Die CO2-Emissionen aus der Stromerzeugung waren im Südwesten laut einer Statistik des Umweltministeriums 2021 und 2022 nochmals deutlich nach oben gegangen, vor allem durch den verstärkten Einsatz der Kohlekraftwerke – zu dem Zeitpunkt lagen sie wieder fast auf dem Niveau von 1990. Mittlerweile sind die Emissionen wieder deutlich gesunken und befanden sich 2023 fast auf dem niedrigsten Niveau seit 1990. Nur 2020 hatte es durch die Coronapandemie einen noch niedrigeren CO2-Ausstoß gegeben.
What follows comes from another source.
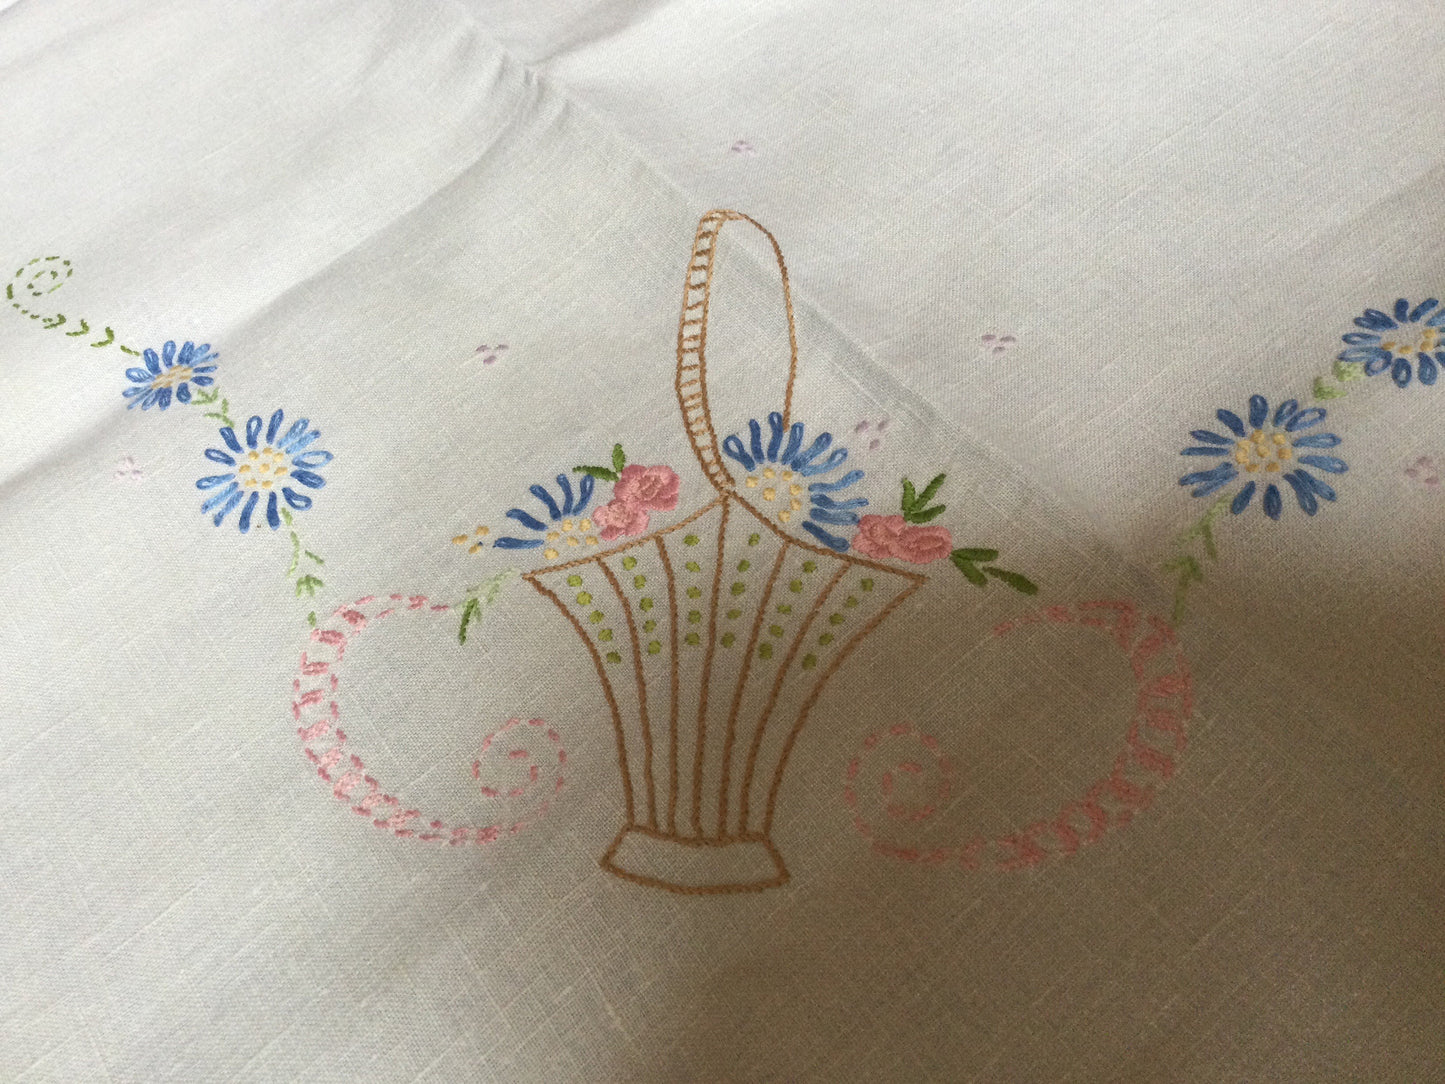 41” square large Retro Vintage table cloth white embroidered floral tablecloth blue pink basket embroidery flowers cottage

Bundesweit lag der Anteil der erneuerbaren Energien bei dem Strom, der am Ende aus der Steckdose kommt, 2024 laut Bruno Burger bei 56 Prozent. In Baden-Württemberg machen die grünen Kraftwerke sogar fast 70 Prozent des hierzulande produzierten Stroms aus. Gerade die Sonne ist ein Trumpf: Der Südwesten liegt nach Bayern bei der installierten Solarleistung auf dem zweiten Platz, fast 28 Prozent des gesamten Stroms im Land entsteht in Photovoltaik-Anlagen (im Bund 14,5 Prozent). Der Strom aus Windrädern macht dagegen aufgrund der immer noch geringen Zahl an Anlagen „nur“ 9,4 Prozent aus (im Bund 33 Prozent).